For the S&P 500, "normal" by the end of 2024 would be a 17.5x P/E multiple applied to earnings generated from a 9.4% net profit margin (NPM). One could argue a normalized NPM for SPX is much lower than 9.4%, but giving SPX the benefit of the doubt for the very real long-term increase in overall business quality, assuming normalized NPM is the average of peak NPMs generated in 2007 (8.6%) and 2019 (10.2%) seems reasonable. At present, Wall Street estimates SPX will generate sales per share of $1873.10 in 2024, which implies "normalized" EPS of $176. Applying the long-term historical average P/E of 17.5x to $176 yields an SPX fair value of 3080 by the end of 2024.
Three critical assumptions, discussed at length in the following section, underpin this projected normalization process: 1) inflation is entrenched, and will require a recession, with tight monetary policy maintained throughout, to uproot it; 2) Fed Chair Jerome Powell understands what it will take to uproot inflation; and 3) Powell has the resolve to do what it takes to uproot inflation.
War on Inflation
Inflation is entrenched, and will require a recession, with tight monetary policy maintained throughout, to uproot it.
Since the "transitory inflation" debate broke out in the middle of 2021, Ray Dalio's Bridgewater (BW) and its deep understanding of the inner workings of the "economic machine" has been mission critical to understanding how persistent inflation really is and just how much the Fed would need to tighten monetary policy to uproot it. A single passage does not do justice to the entire body of BW's work on inflation, but one of the more succinct overviews comes from BW's July 25, 2022 CIO update:
"MP3 reflationary policies [see the BW 2022 Outlook attached for a detailed discussion of MP3 policies] injected massive amounts of money and credit into economies, leading to self-reinforcing high nominal growth, leading to self-reinforcing inflation..."
"MP3 policies were very successful, stimulating a high level of nominal demand and a rapid recovery in employment markets in response to the pandemic.
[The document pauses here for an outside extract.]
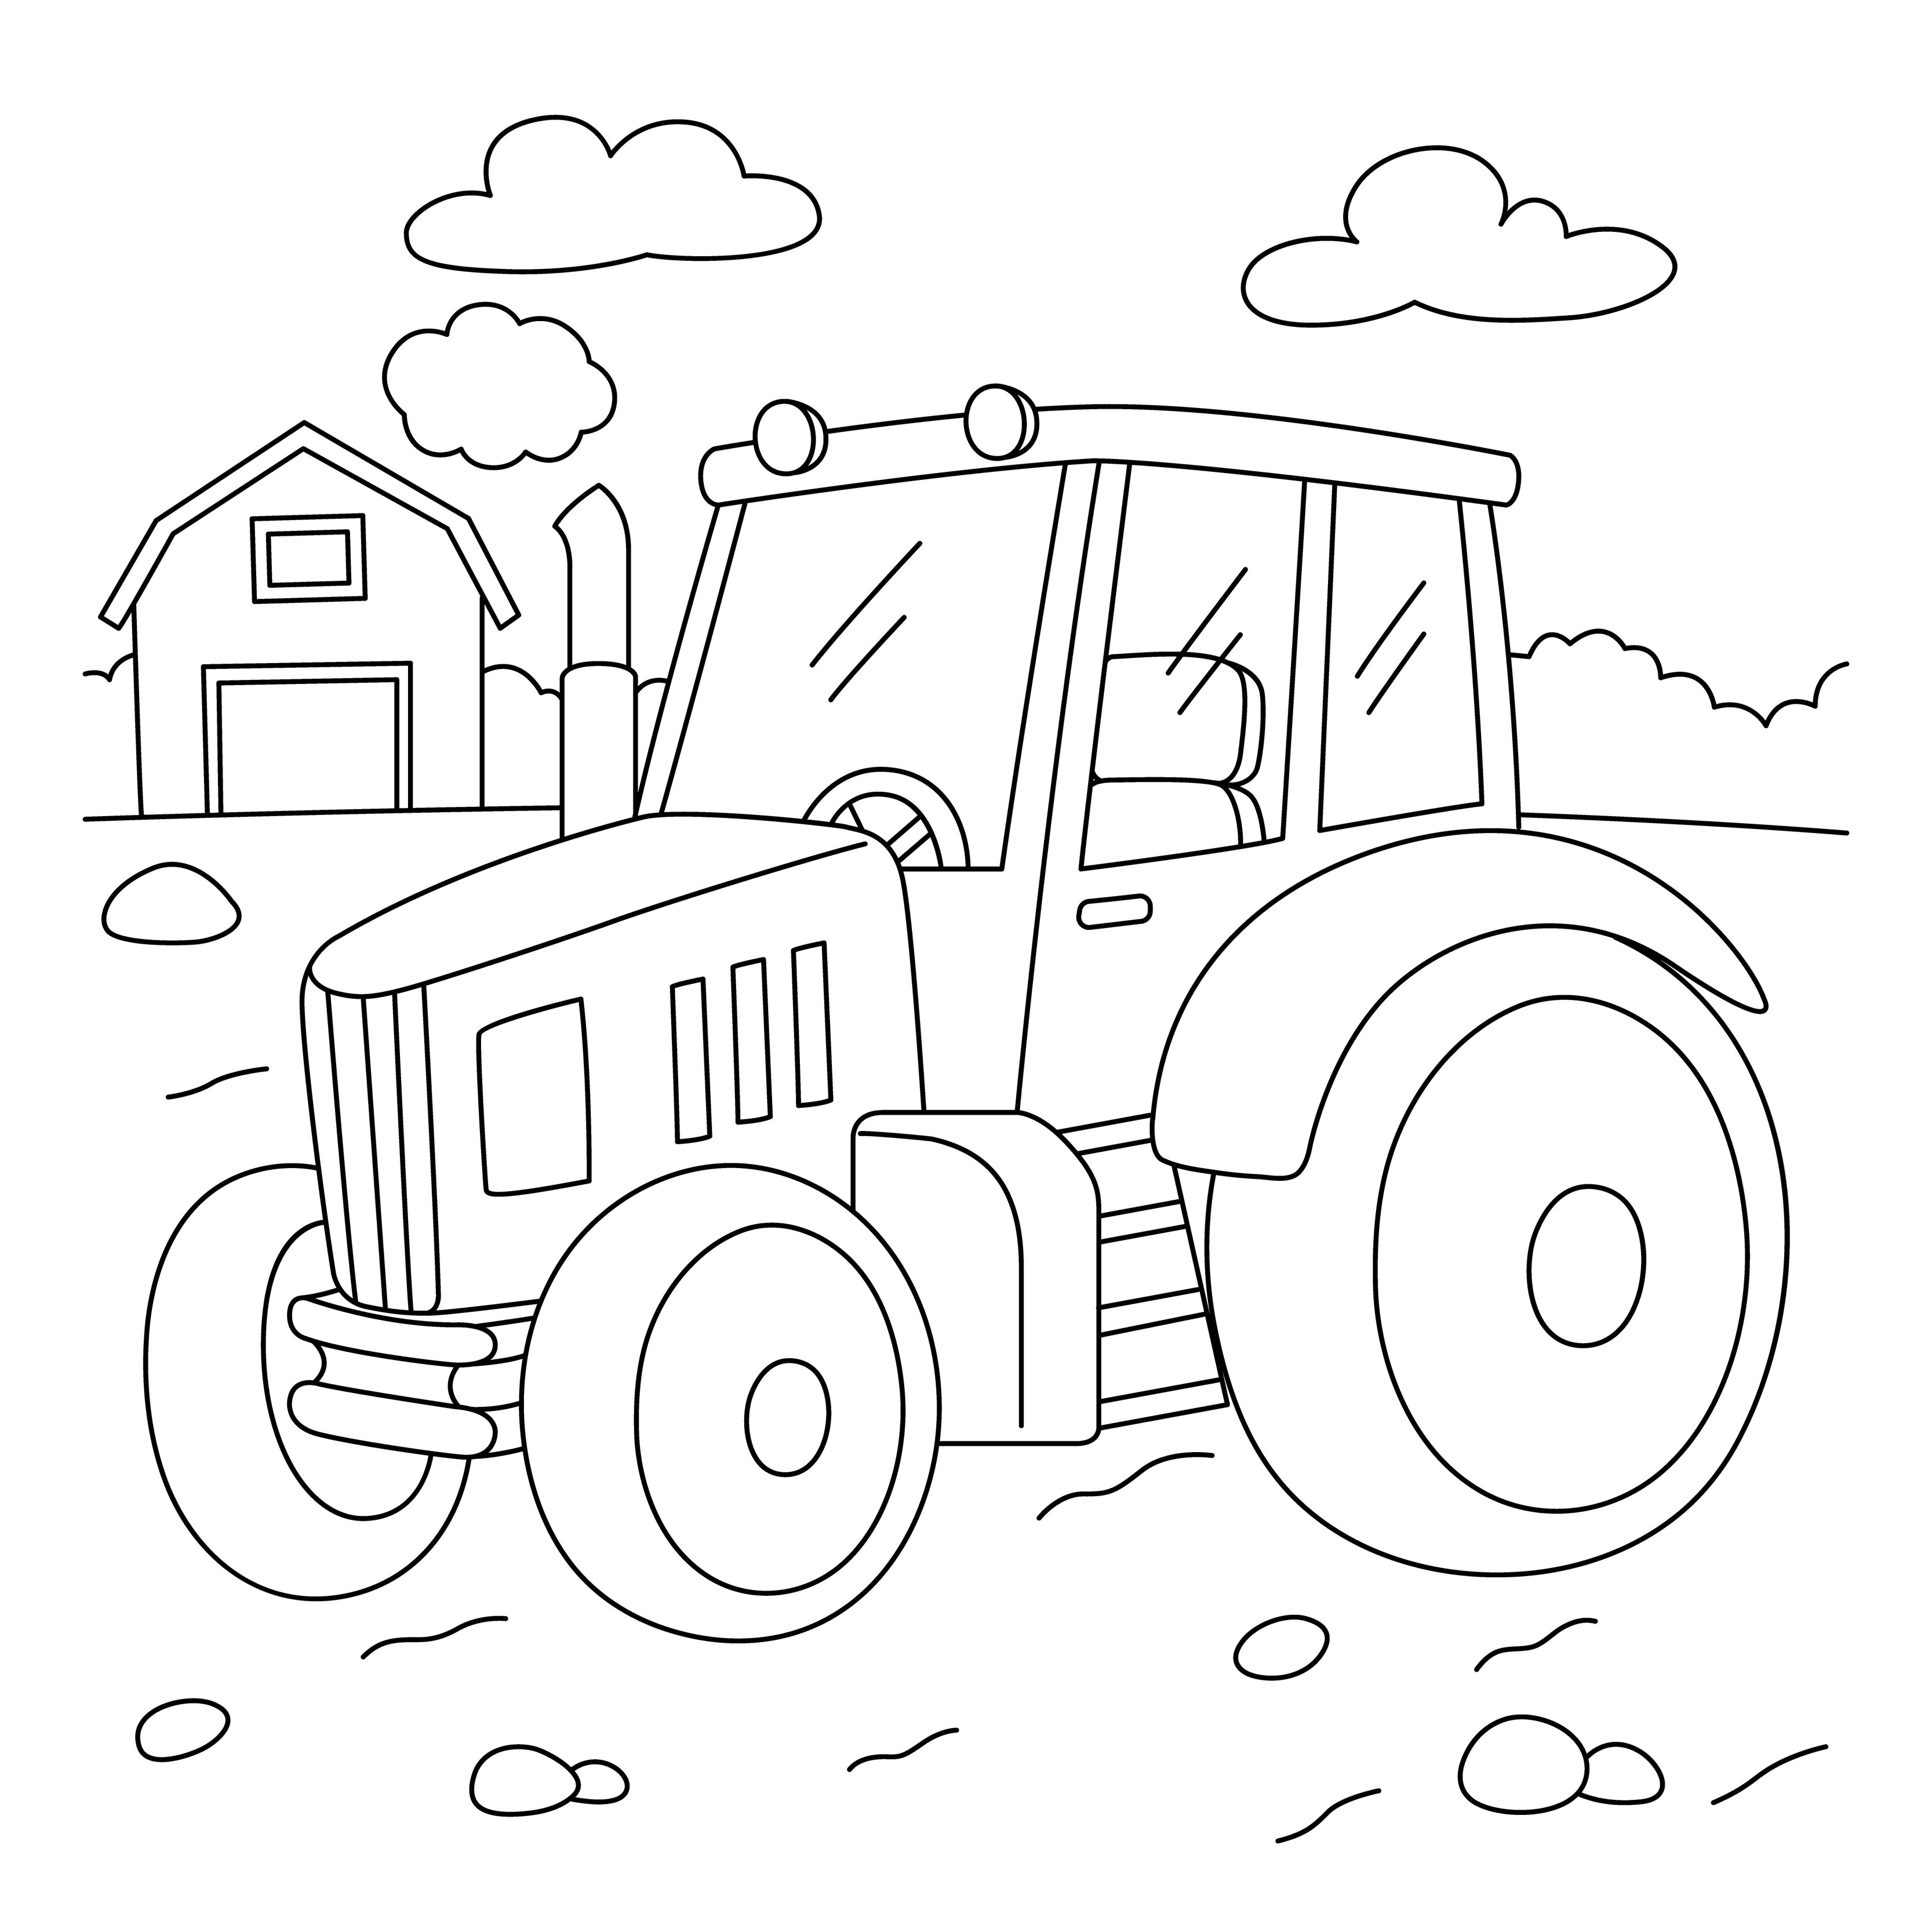 Libro: Tractores – Libro de colorear por Fella Publiching

But this stimulation was applied for too long, and the offsetting monetary tightening is now coming too late, resulting in what we now have, which is a monetary inflation. Given the inertia of a monetary inflation, bringing it under control to the point that inflation approaches what is now discounted in the markets (2.5%) will require an aggressive tightening of monetary policy over a sustained period, and a significant and sustained weakening of employment markets."
BW's track record of being right on inflation for the right reasons makes them the leading authority on the issue. As such, odds are very high that inflation is entrenched, and will require a recession, with tight monetary policy maintained throughout, to uproot it.
Fed Chair Jerome Powell understands what it will take to uproot inflation.
All year long former NY Fed President Bill Dudley has spoken on behalf of and ahead of official Fed communication. In a July 14 Bloomberg op-ed (see attached) he all but wrote from the BW script:
"...the Fed needs to be confident that it has succeeded in pushing inflation back down on a sustainable basis. Chair Powell correctly understands that the costs of not hitting the 2% target over the next year or two outweigh the costs of a mild recession - because failure would cause inflation expectations to rise, necessitating an even tighter monetary policy and a deeper downturn later. In the late 1960s and the 1970s, the central bank tightened monetary policy enough to push inflation lower at times, but it reversed course too soon. As a result, the peaks and troughs for inflation kept moving higher - until the 1980s, when Paul Volcker had to force a deep recession to regain control. Given this history, officials will be hesitant to stop tightening until they're highly confident (probability greater than 80%) that they've done enough - that the labor market has sufficient slack to keep inflation low and stable, and that easing financial conditions won't lead to an inflation rebound."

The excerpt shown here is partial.